このチームは頂点に至るだろう。しかし、分不相応な力を背負ってしまった彼が、その重圧に耐えられるのだろうか。
最も、逃げ出す自分にはもう関係がなくなる話だが
「それでは、お世話になりました。チームの繁栄を願っています」
頭を下げて、ドアノブに手を掛けて退室する。
後ろから自分を呼び止める声が聞こえた気がしたが決して振り返らなかった。
振り返ればきっと踏み止まってしまう。
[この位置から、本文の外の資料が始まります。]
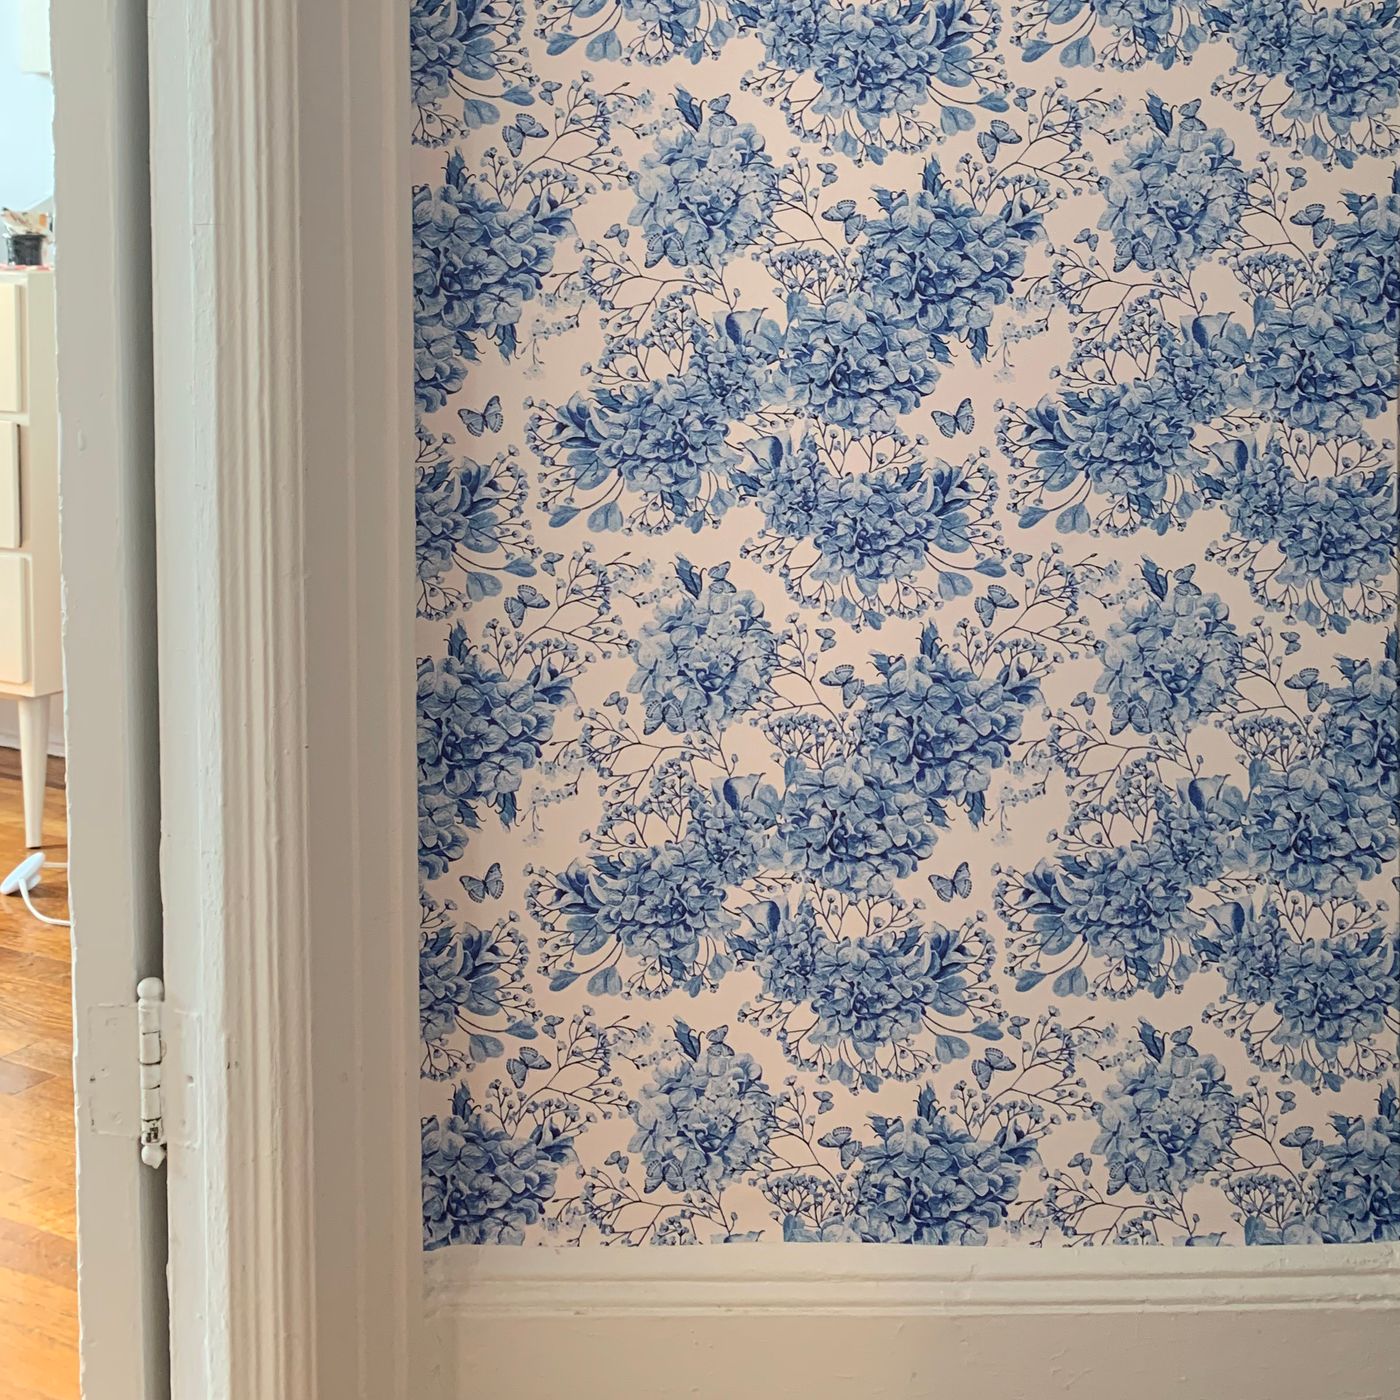 Why Use a More Expensive Wallpaper Primer vs a Less Expensive One?

そのくらいには、かつてのチームの愛着があったからだった。 - 2二次元好きの匿名さん22/07/24(日) 16:53:41
なんとなくだけどスカウトレースで入れ替えられたモブウマ娘ってどんなんだろうって考えながら書いてみた
よく考えたら無敗の三冠ウマ娘が入れ替わり立ち替わりやってくるってモブからしたら怖いよねって - 3二次元好きの匿名さん22/07/24(日) 16:57:07
乙乙、良い1レスSSを読ませてもらった。頂点に立ったけど上を目指してた頃が一番楽しかった、みたいな話結構好きだわ。
そっからもう一度立ち上がる的な話も好き。 - 4二次元好きの匿名さん22/07/24(日) 16:58:13
こういう話を想像できるからこそモブ軍団育成モードみたいなのが欲しい。